How to Improve Your Facebook Privacy Settings

~ Posted on Monday, August 24, 2015 at 12:38 AM ~

I know, being a mummy blogger, it is really not easy to secure everything. Back when I first started blogging 6 years ago, I didn't know better. I happily shared pictures of our kiddos online and  on my FB page though still mindful to not show anything or give any clues to where we stay, work, go for outing etc. But after reading more and more cases of the dangers of putting childrens pictures online, I have toned down way way a lot, even for product reviews I try not to show full face of our kiddos unless absolutely necessary. Of course there are those old pictures I have posted online but moving forward, I have vowed to keep our privacy as tight as possible.

Now as parents, it is horrifying to read articles where pedophiles get hold of childrens pictures, videos and God knows what else they do with the pictures. It doesn't help when you see pictures of children innocently posted on your Facebook newsfeed, where your friends or relatives happily share (or unknowingly being tagged).

I believe that if you are serious to protect your child, we have to tightened up our privacy settings as much as possible. I'm talking about social media here, specifically Facebook okay? Things that you can do:


1. Start with your own Facebook profile settings

Social Media

  • Go to your profile settings and look for Privacy. Go through the items inside and make sure your privacy settings is up to date.

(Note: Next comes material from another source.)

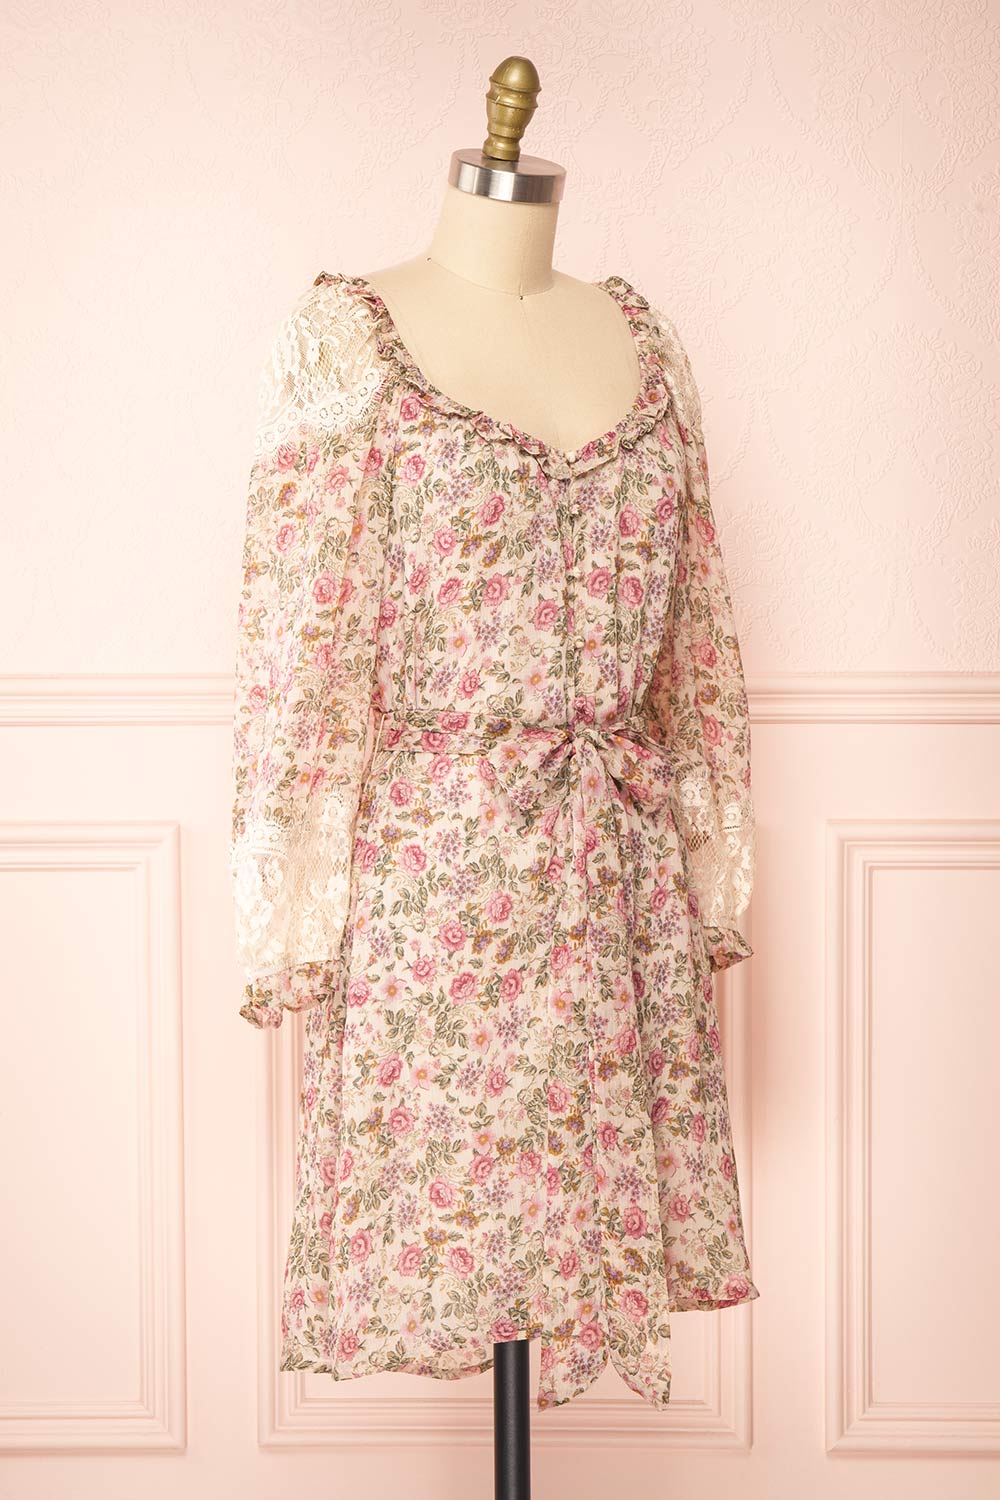 Jolia Short Floral Button-Up Dress | Boutique 1861 side view

  • You can also go to your Privacy Settings, look under Timeline and Tagging settings, on the 2nd item 'Who can see things on my timeline?' see the first item 'Review what other people see on your timeline' click on the View As and you will be able to view your profile under the pretense of someone out of your FB network.

 

2. Go through your Facebook album settings

Social Media

Go to each and every one of your photo albums on your FB profile and make sure the settings are correct. Remove the check sign in the 'Friends of those tagged' entry. If you leave this one checked, when you tagged your friends in any picture in the album, their friends can also see the pictures even though they are not on your FB friend list.

 

3. Check other Facebook page settings

This is a bit more work but important. If your child attends any school, classes, clubs, outings etc that have their own Facebook pages, make sure you check their page. Some of them likes to upload pictures of their students / participants and shared on their page, not knowing the dangers of doing so. I have personally seen photos of children of my friends, relatives, ex-colleagues appearing on my newsfeed because their parents have been tagged by the schools / classes / clubs etc. It is so easy to look up the children if someone has the intention to do so and know what clues to look for. School badges are prominently shown. Contact details are easily found on the FB page info. Name tags can be easily read. Creepy right?

 

4. Check through your friends postings

  • I would also advise you to housekeep your FB friends list. Only share pictures on FB with people you trusted.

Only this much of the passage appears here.